Yesterday, the House passed H.R. 5, a bill to reauthorize the Elementary and Secondary Education Act (ESEA). Since its enactment 50 years ago, the goal of the ESEA has been to make sure all children—including disadvantaged children—have access to a quality education.  ESEA was last amended as No Child Left Behind in 2001. And although the law is long overdue for a rewrite, it has been crucial in uncovering gaps in achievement between certain groups of students. The National Women’s Law Center, with a coalition of more than 40 civil right organizations, has laid out principles that must be included in a reauthorized ESEA, including transparent and meaningful reporting of data.
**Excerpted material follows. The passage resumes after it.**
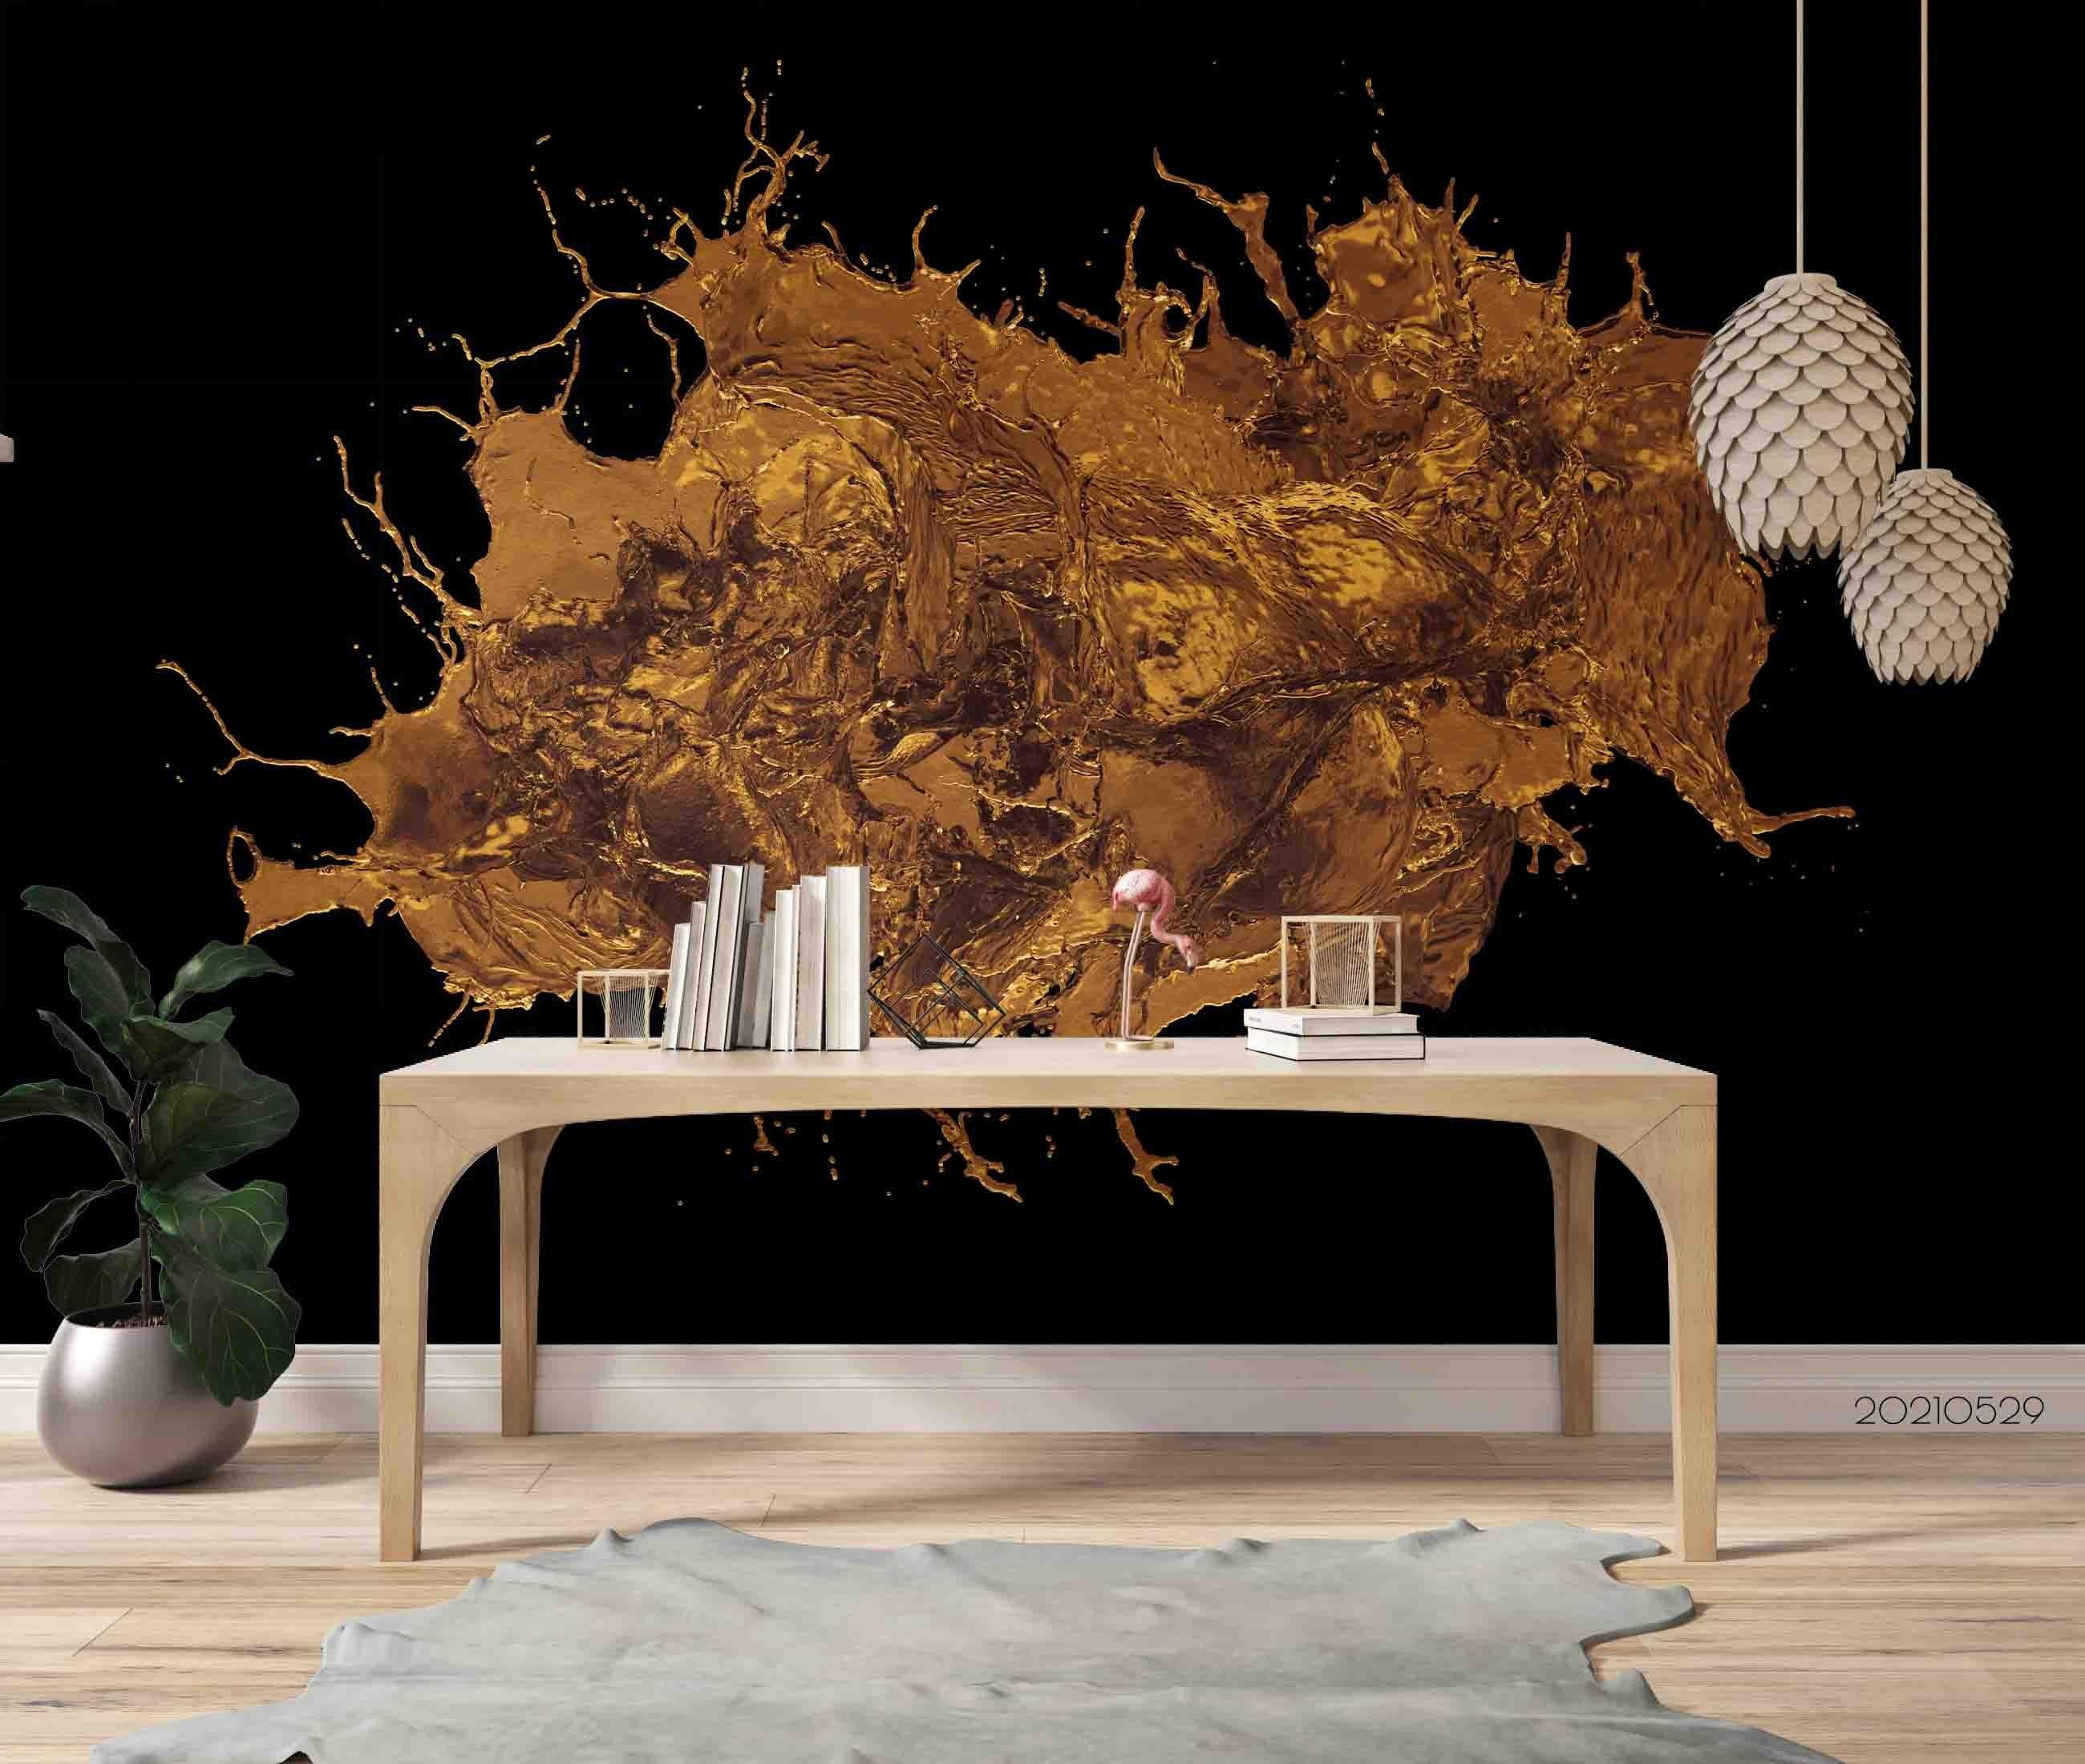 3D Abstract Golden Spraying Black Background Wall Mural Wallpaper SWW542

Unfortunately, H.R. 5 not only fails to meet those principles, but also it takes a giant step backwards for students. Here are just three reasons why:

  1. It is like writing a huge check to the states with federal tax dollars, but with no oversight. Under ESEA, states and school districts get billions of dollars. You would think that lawmakers would want to make sure that that money is used to get good results for all kids, to prepare them college and careers in our 21st century economy. Yet, under the guise of “state flexibility” H.R.5 doles out federal funds without asking for any accountability in return. This is not innovation—it’s a rollback. Before ESEA was enacted, schools in many states disregarded the needs of children of color, low-income students, English learners, and students with disabilities. It became clear that these students would not leave school college- and career-ready unless the federal government intervened. To ensure federal educational dollars are spent wisely and equitably, states must target federal resources to the students who need it most, set high standards and goals for student growth and improvement, and make changes when those goals are not met for certain groups of students.
  2. It takes away funding from students who need it the most. H.R. 5 includes a “portability” provision, which would allow federal funds targeted to the most vulnerable students to be reallocated for other uses. This would create a reverse Robin Hood situation where the nation’s poorest school districts would lose more than $675 million, while the most affluent school districts would get $440 million.
  3. It misses the opportunity to address barriers to learning that affect vulnerable youth. The reauthorization of the ESEA presents a unique opportunity for lawmakers to make sure all students have healthy learning environments, where they are safe from bullying, harassment, and excessive discipline policies that push kids out of school, where girls and boys alike have equal access to opportunities to learn about STEM fields and develop leadership skills in athletics and other extracurricular activities. Unfortunately, H.R. 5 fails to address these issues that are central to student success.

All students deserve access to quality education that gives them a meaningful chance to succeed in college or their careers. And historically, ESEA has played an important role in keeping states from shortchanging disadvantaged students. Unfortunately, when it comes to carrying out the goals of the ESEA, which are still very relevant today, H.R. 5 fails on all marks.